This is why I mentioned about going with the blower. As far as streetability, 650hp vs 780hp, I guess one would say the 650hp would be more streetable, but is it going to make that much difference? It's a nice problem to have......


----------



## Cpldavis37 (Aug 20, 2009)

A Boeing 777 jet engine puts out 98800 pounds of thurst thats about 78400 Hp. I bet that will do the trick:lol: 

(I think you will have to have custom motor mounts)


----------



## 66tempestGT (Nov 28, 2009)

more than the horsepower, the steetabilty concerns would be stuff like cold starting, idle quality, does it want to run hot in traffic. it sure would sound good though. :cheers


----------



## jetstang (Nov 5, 2008)

66tempestGT said:


> more than the horsepower, the steetabilty concerns would be stuff like cold starting, idle quality, does it want to run hot in traffic. it sure would sound good though. :cheers


Eric, you have the unlimited budget we all want and we are living vicariously through you. The LSX motor will give all the power you want, is current and will get "good MPG" and will complete your trick chassis. LS motor is the most streetable big HP motor you can get, and you can still have AC and drive the car at the 700HP mark with a turbo or blower on pump gas and not overheat. May take a couple more bucks to get the twin turbo 1100 HP motor, but may be money well spent compared to the 572..


----------



## Rukee (Feb 8, 2007)

jetstang said:


> Eric, you have the unlimited budget we all want and we are living vicariously through you. The LSX motor will give all the power you want, is current and will get "good MPG" and will complete your trick chassis. LS motor is the most streetable big HP motor you can get, and you can still have AC and drive the car at the 700HP mark with a turbo or blower on pump gas and not overheat. May take a couple more bucks to get the twin turbo 1100 HP motor, but may be money well spent compared to the 572..


I'm going to agree here. Although I would also LOVE to have a BB blower motor sitting out of the hood, that fuel injected twin turbo unit at over 1100HP would make for an incredible sleeper and have all the benefits of today's fuel management. 

If you want the "OMG look at that!" coolness factor when you drive in, get the blower motor.
If you want the "OMG look at what's in there!" when you open the hood, get the twin turbo LSX. 
:cheers


----------



## Eric Animal (Oct 28, 2007)

Are you guys talking about the LS9 w/blower for the Zo6 vette?


----------



## Rukee (Feb 8, 2007)

Eric Animal said:


> Are you guys talking about the LS9 w/blower for the Zo6 vette?

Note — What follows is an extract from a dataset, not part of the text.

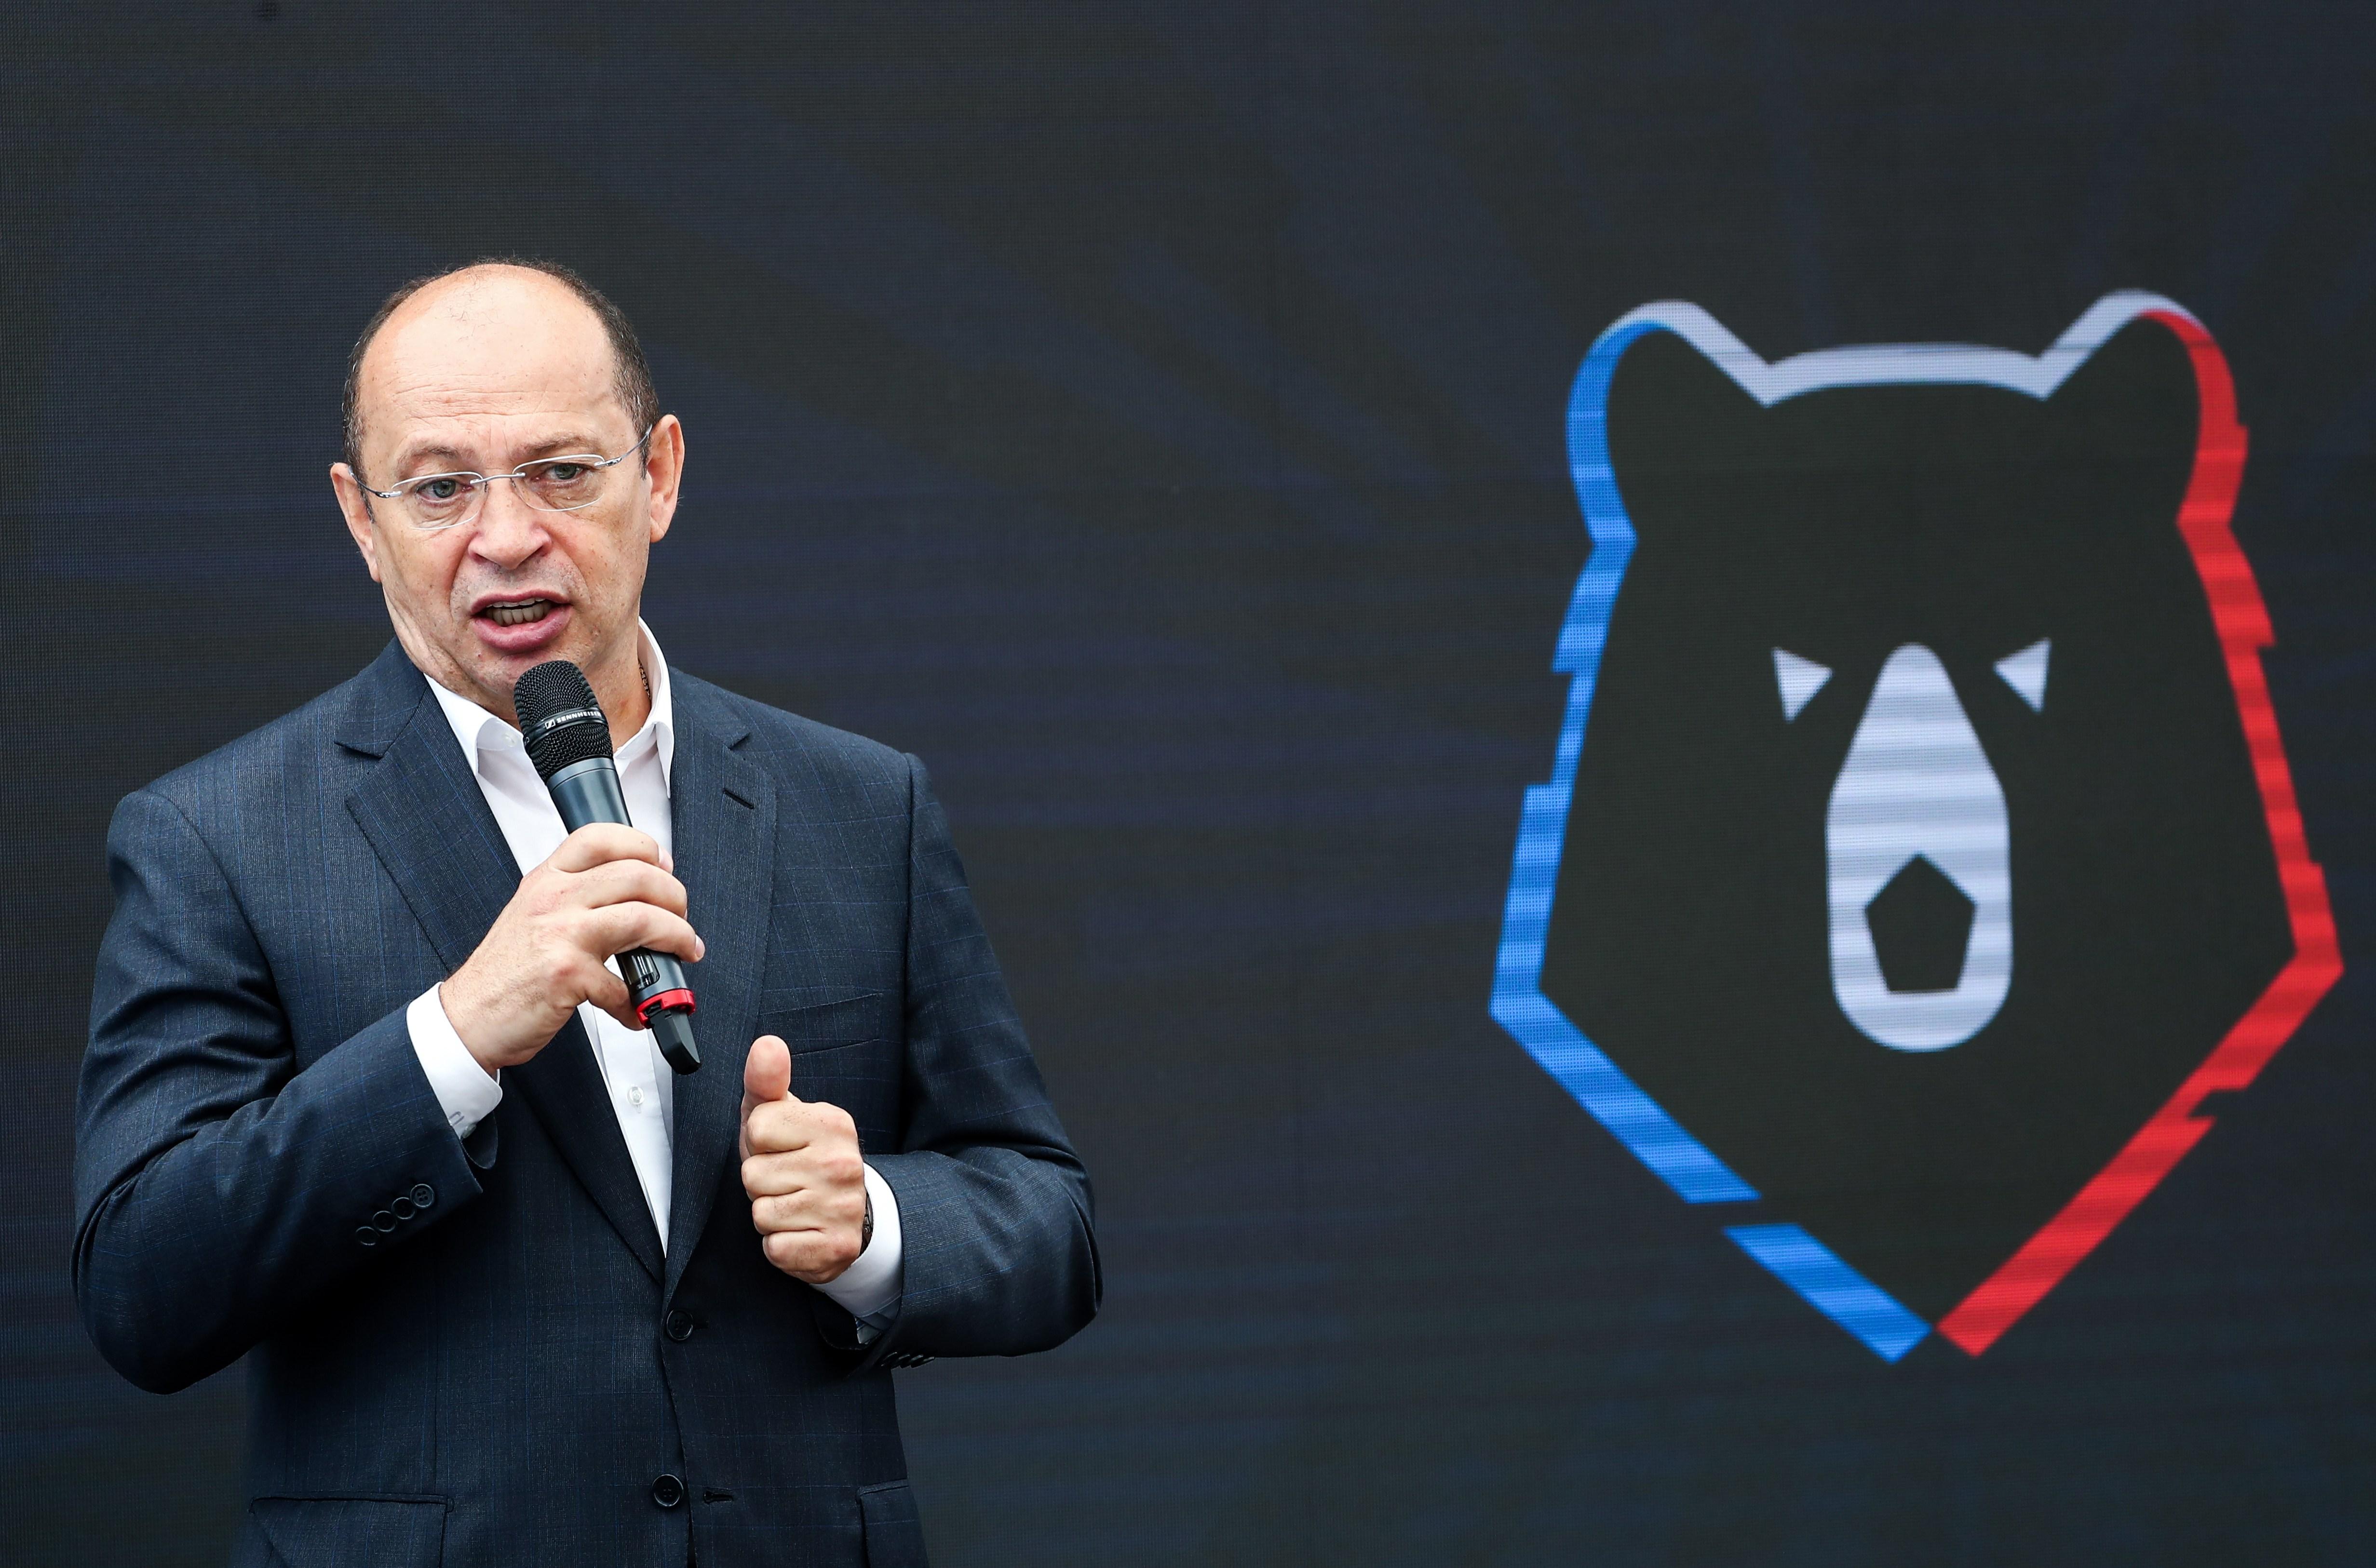 Сергей Прядкин во времяпрезентации нового бренда РПЛ и логотипа футбольного турнира
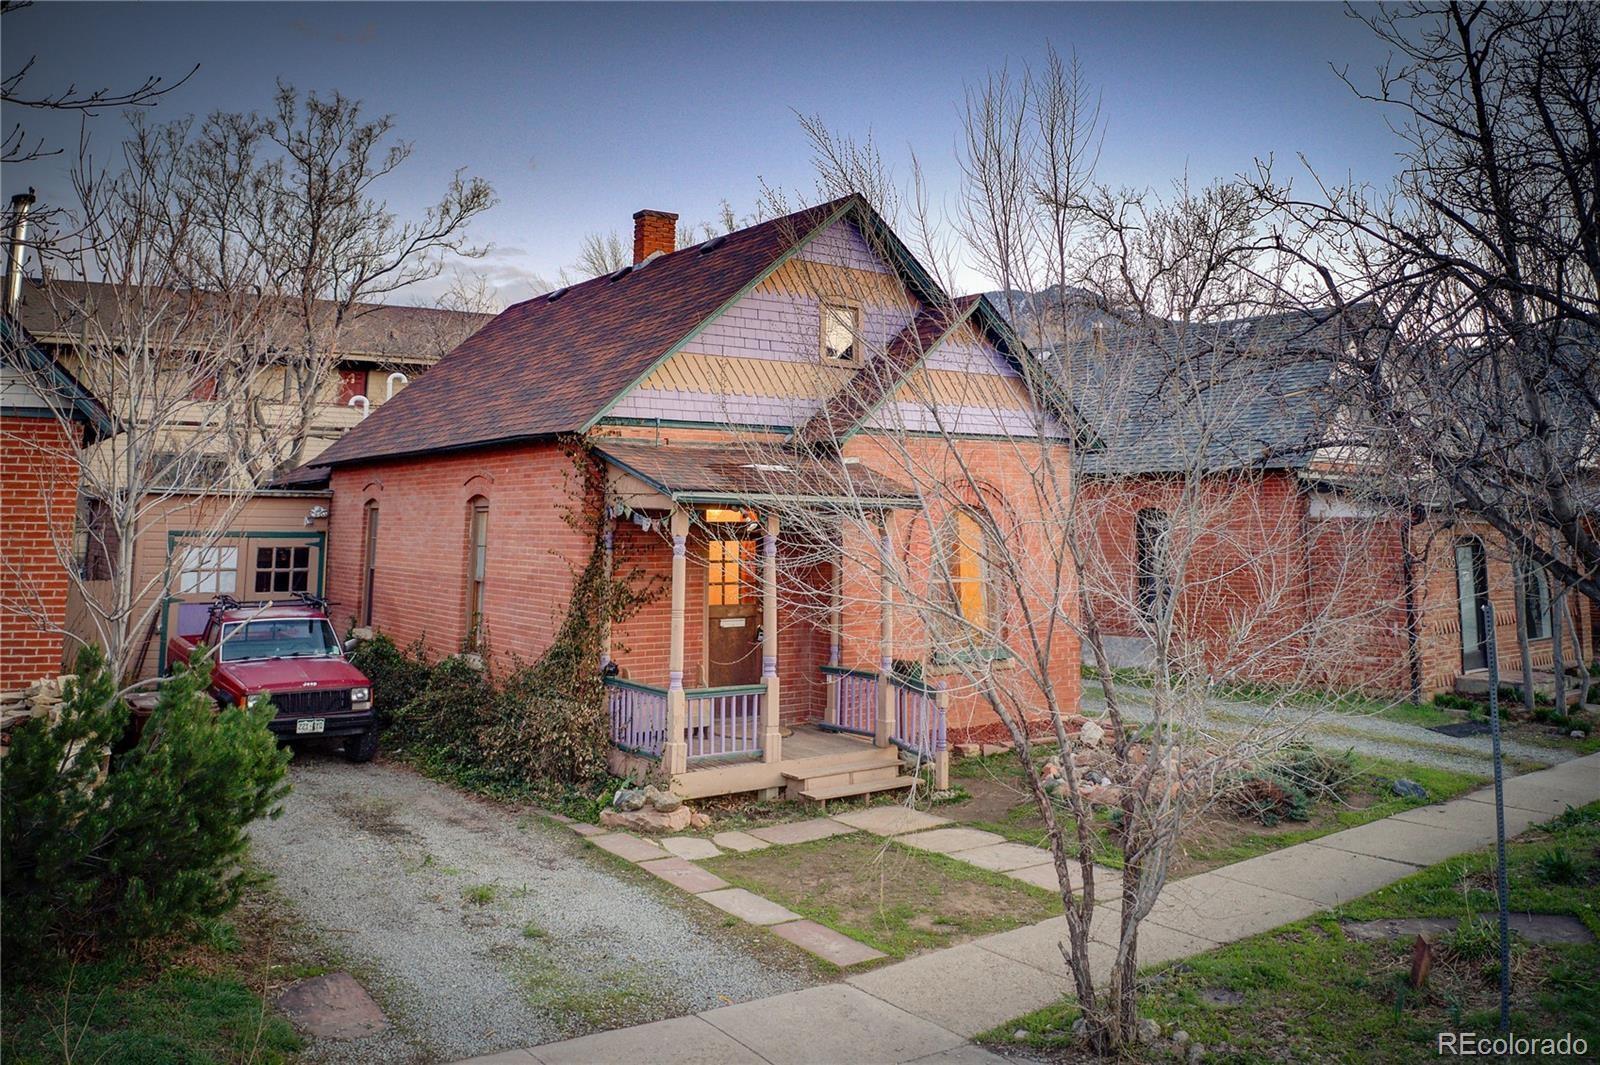 MLS# 4644678 - 1 - 1714 Walnut Street, Boulder, CO 80302

Yeah, I was, from this post.



crustysack said:


> 19211710 - 2009 Corvette Z06 LS7 Crate Engine 505 HP! - 19211710
> APS Products - North American Specification Vehicles
> 2 or 3 phone calls gets it delivered


Bump that boost up to about 12-15 and hange on!


----------



## 66tempestGT (Nov 28, 2009)

Rukee said:


> I'm going to agree here. Although I would also LOVE to have a BB blower motor sitting out of the hood, that fuel injected twin turbo unit at over 1100HP would make for an incredible sleeper and have all the benefits of today's fuel management.
> 
> If you want the "OMG look at that!" coolness factor when you drive in, get the blower motor.
> If you want the "OMG look at what's in there!" when you open the hood, get the twin turbo LSX.
> :cheers


:agree the best of everything. most power, most driveability, heck it probably gets 25mpg. a guy can dream. :cheers 

if you do some checking you will see that the 6.0 truck engine with the turbo setup can still get you 900-1000 hp with a stock block and crank. much cheaper than the lsx. it looks just the same, plus they are very cheap in the junkyard. lsx=pricey


----------



## gtomuscle (Dec 11, 2009)

No doubt in my mind the 505 Pontiac is WAY cooler than a run of the mill Chevy 572. You can call Butler and set up twin turbos on the Pontiac as well. Butler built a 440 inch twin turbo mill that made almost 3000hp they know turbos well.


----------